** Given material follows **

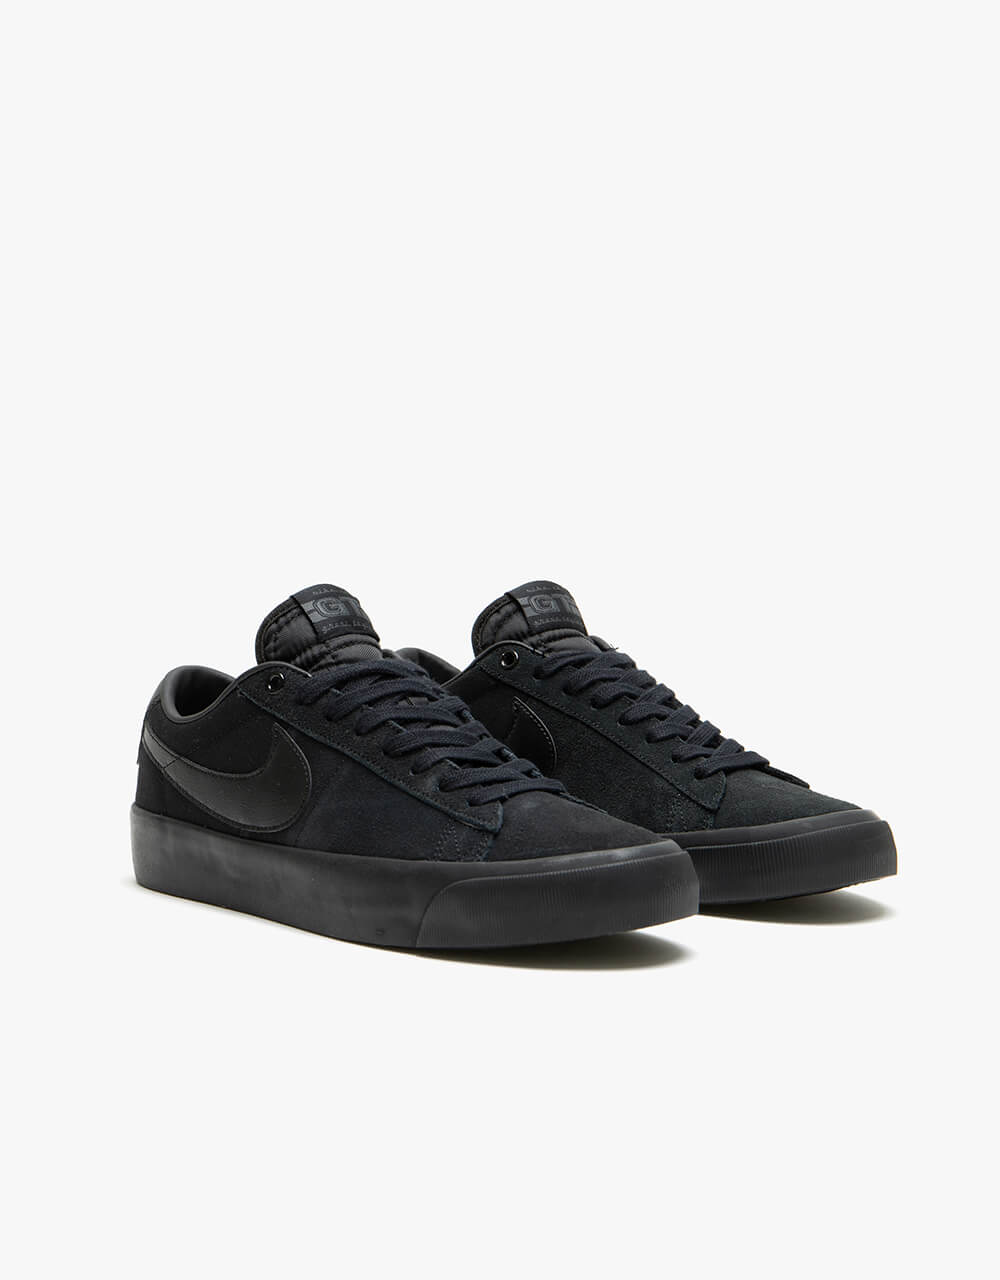 Nike SB Zoom Blazer Low Pro GT Skate Shoes - Black/Black-Black-Anthracite
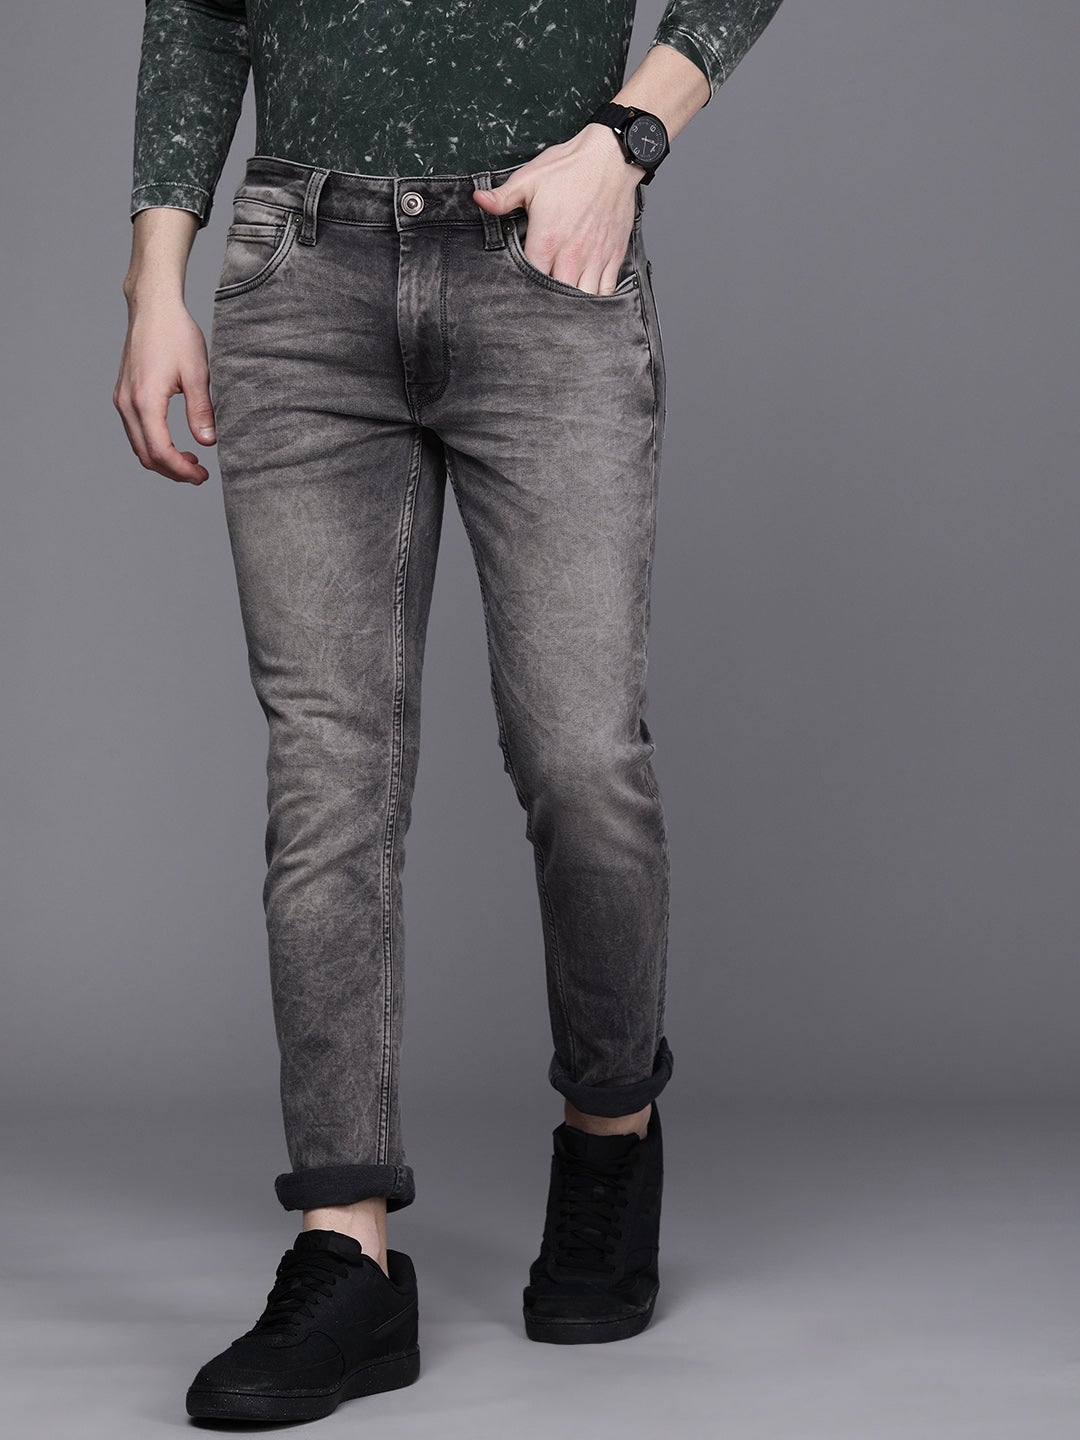 Voi Jeans | Men's Light Grey Track Skinny Stretchable Jeans (VOJN1639)
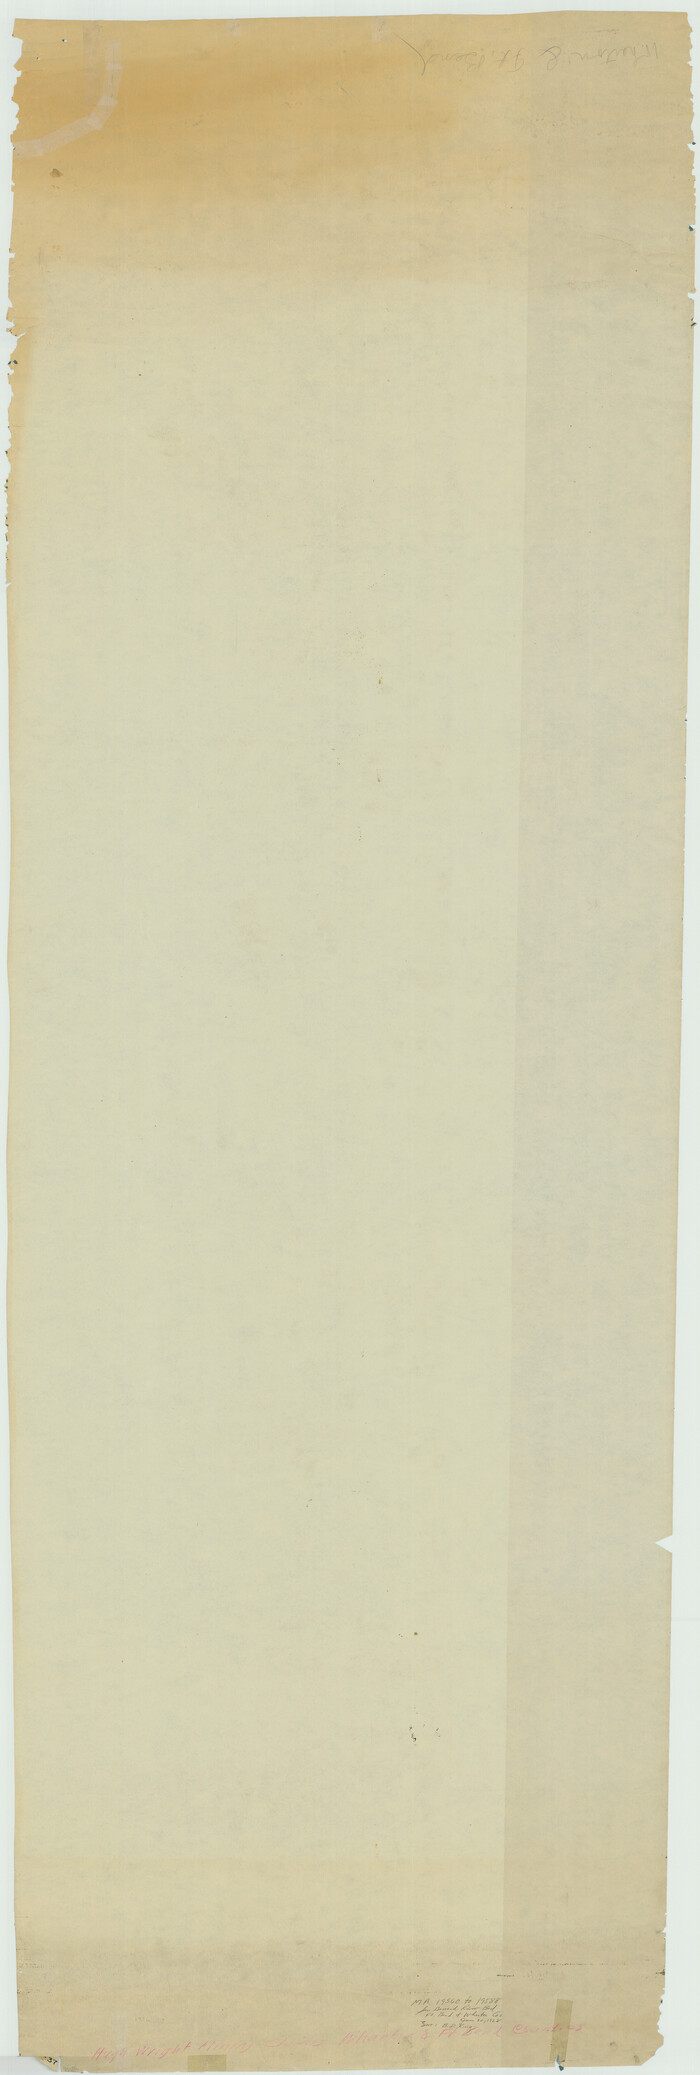 65580, [Sketch for Mineral Application 19560 - 19588 - San Bernard River], General Map Collection
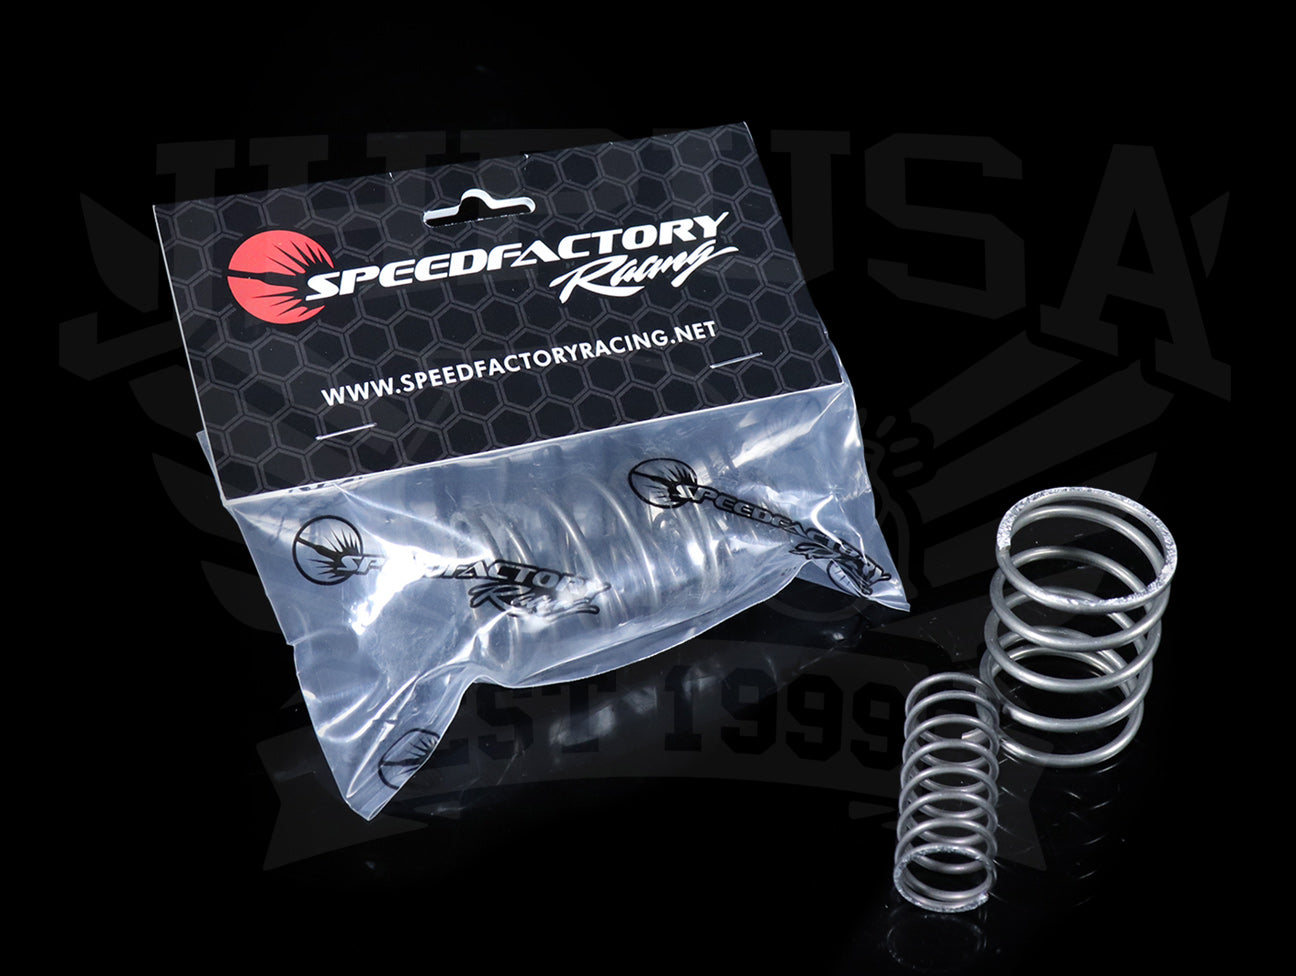 SpeedFactory Racing Heavy Duty Detent Spring Kit – SpeedFactoryRacing

** End of Given material **

-- Your objective --
Could you return exactly the lines starting with the one that contains "65580, [Sketch for" and ending with the last line of the data above? Leave the pictures out.

-- Solution to this problem --
 65580, [Sketch for Mineral Application 19560 - 19588 - San Bernard River], General Map Collection
 SpeedFactory Racing Heavy Duty Detent Spring Kit – SpeedFactoryRacing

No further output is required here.